───── Extracted information ─────

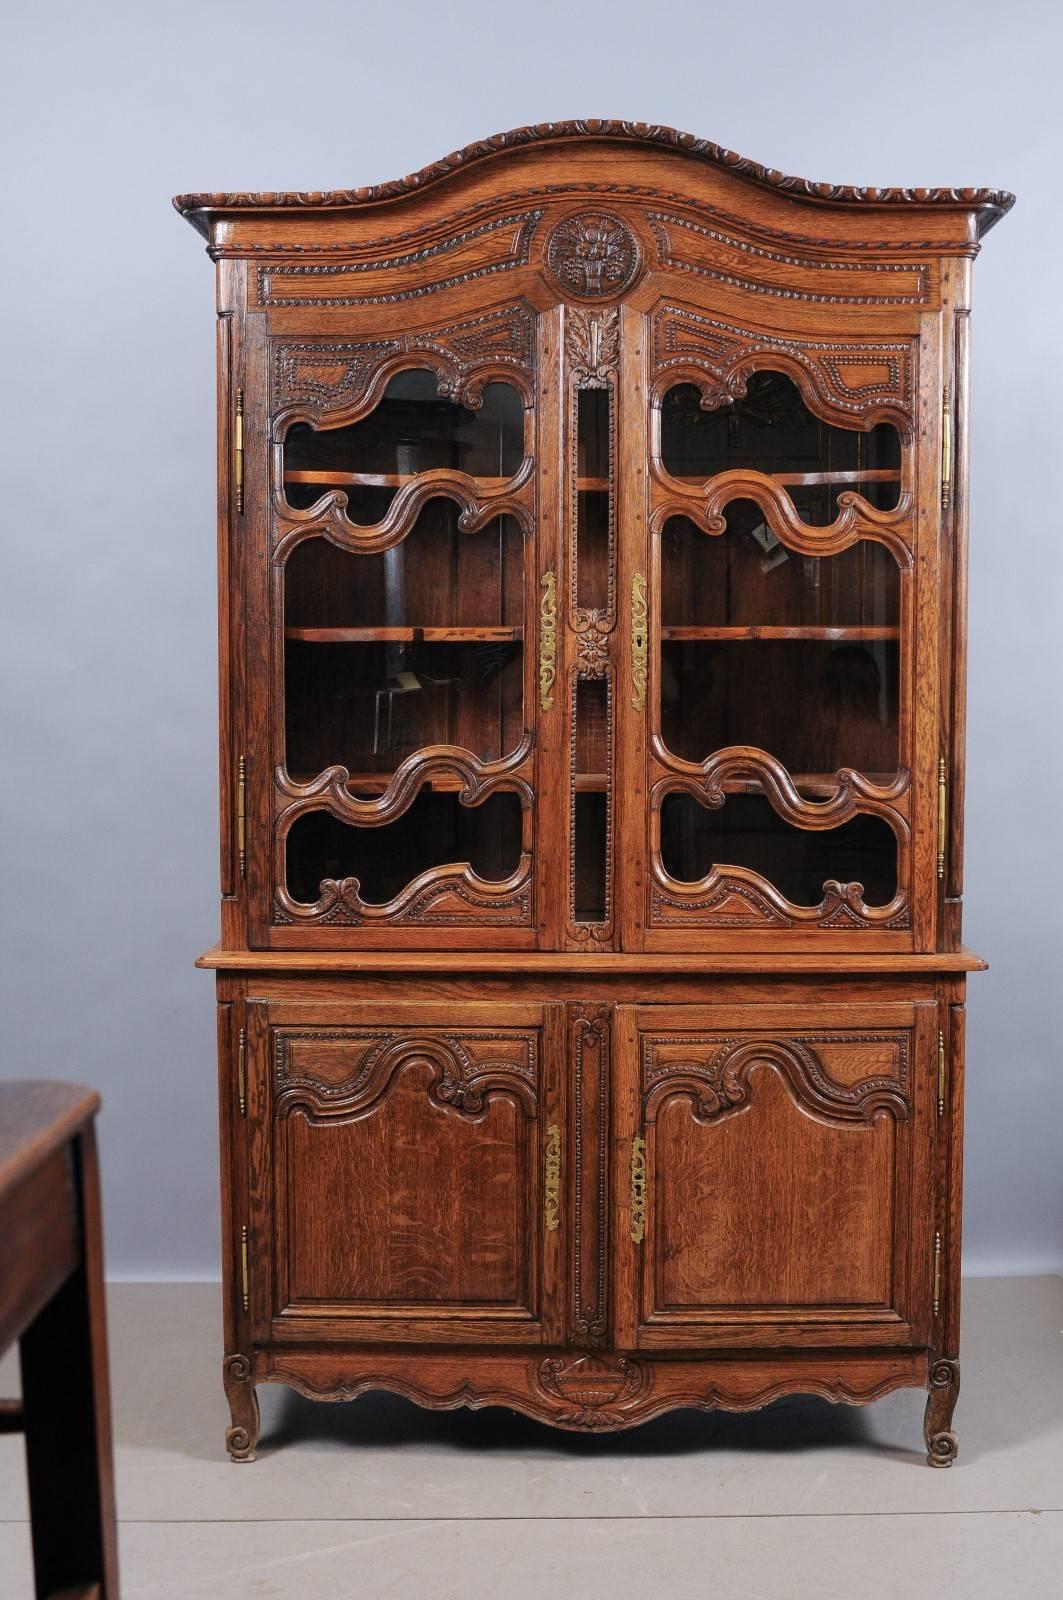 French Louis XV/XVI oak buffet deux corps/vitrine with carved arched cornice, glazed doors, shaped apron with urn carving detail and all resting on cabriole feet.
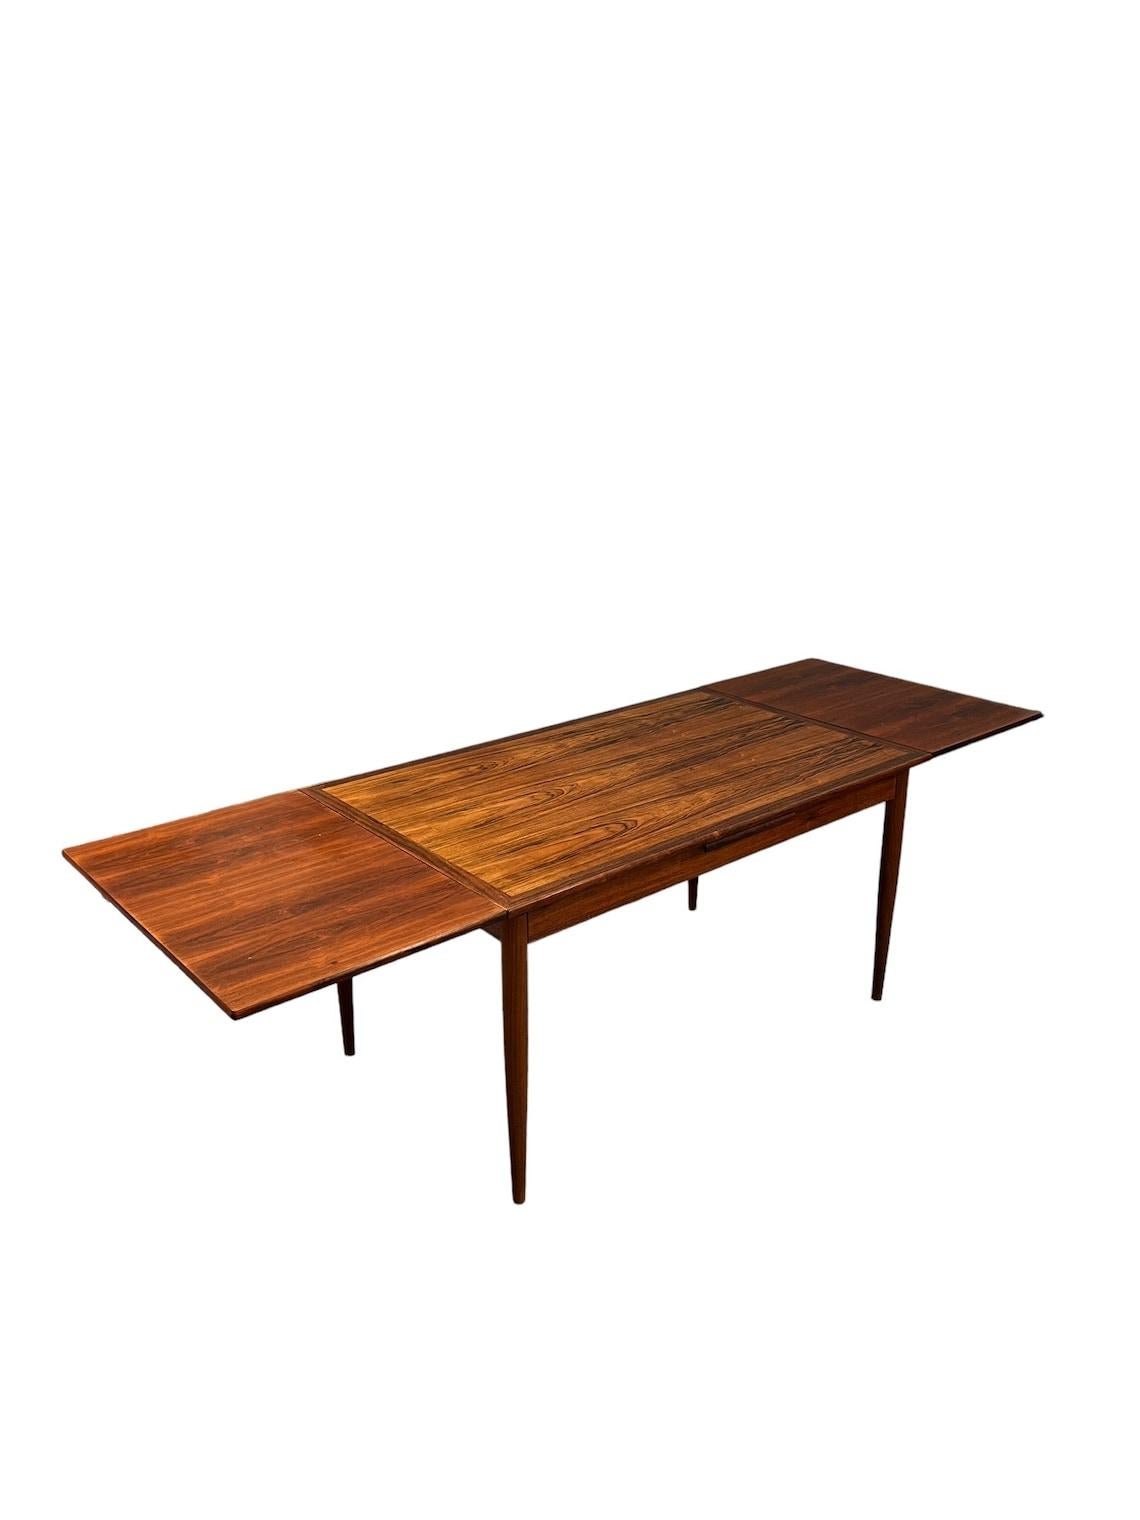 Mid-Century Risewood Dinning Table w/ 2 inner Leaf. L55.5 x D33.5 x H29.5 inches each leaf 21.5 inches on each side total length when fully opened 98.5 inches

─────
───── Extracted information ─────

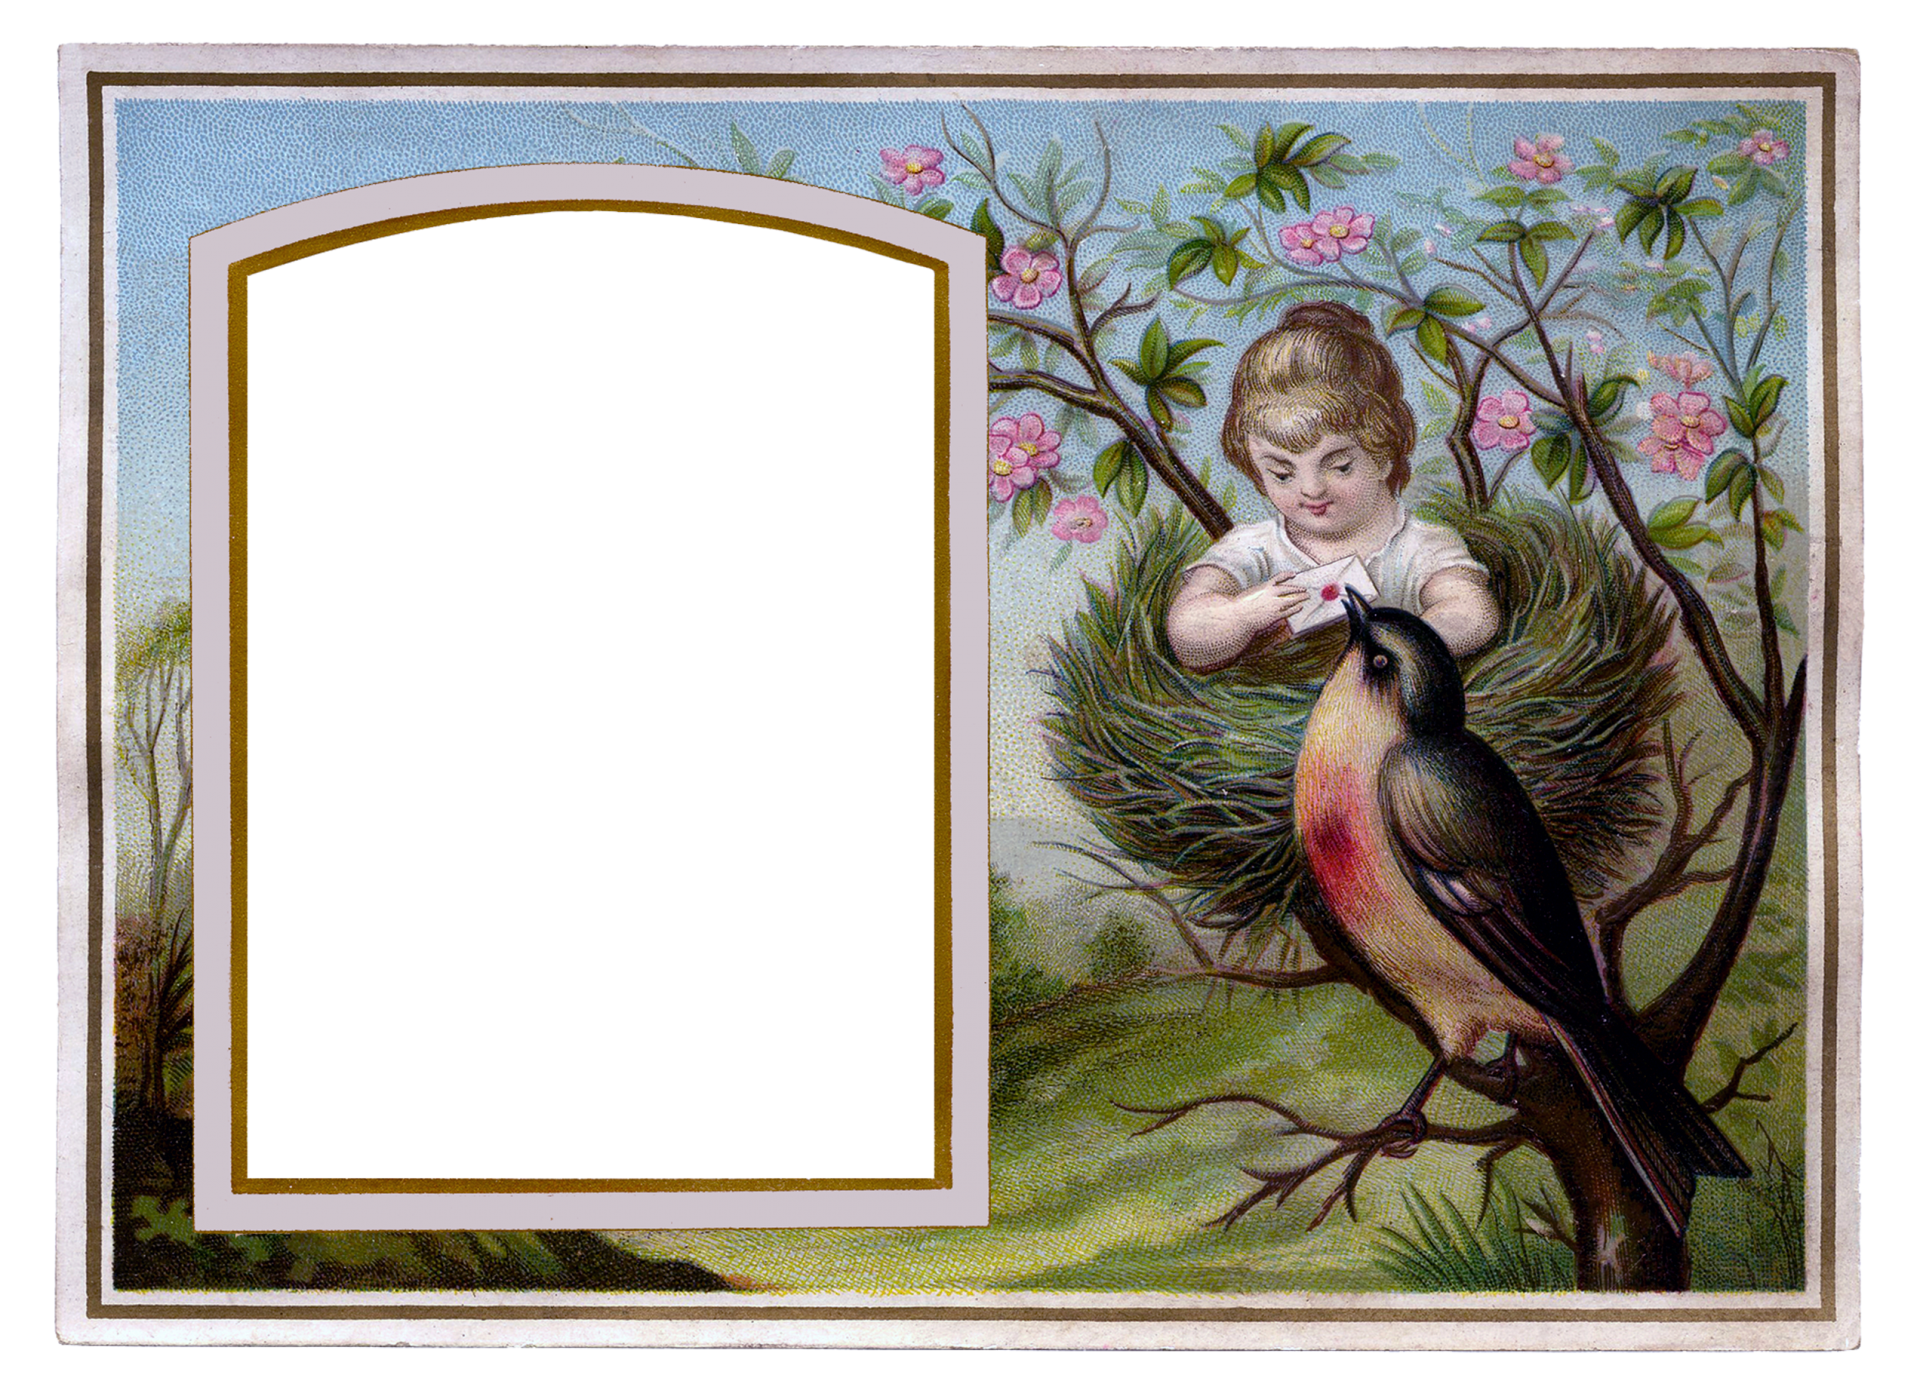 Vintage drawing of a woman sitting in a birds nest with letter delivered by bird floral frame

─────

Task prompt —
Look above and copy only the lines from the one holding "French Louis XV/XVI" to the one holding "Mid-Century Risewood Dinning", both included, exactly, minus the pictures.

Exercise answer —
 French Louis XV/XVI oak buffet deux corps/vitrine with carved arched cornice, glazed doors, shaped apron with urn carving detail and all resting on cabriole feet.
 Mid-Century Risewood Dinning Table w/ 2 inner Leaf. L55.5 x D33.5 x H29.5 inches each leaf 21.5 inches on each side total length when fully opened 98.5 inches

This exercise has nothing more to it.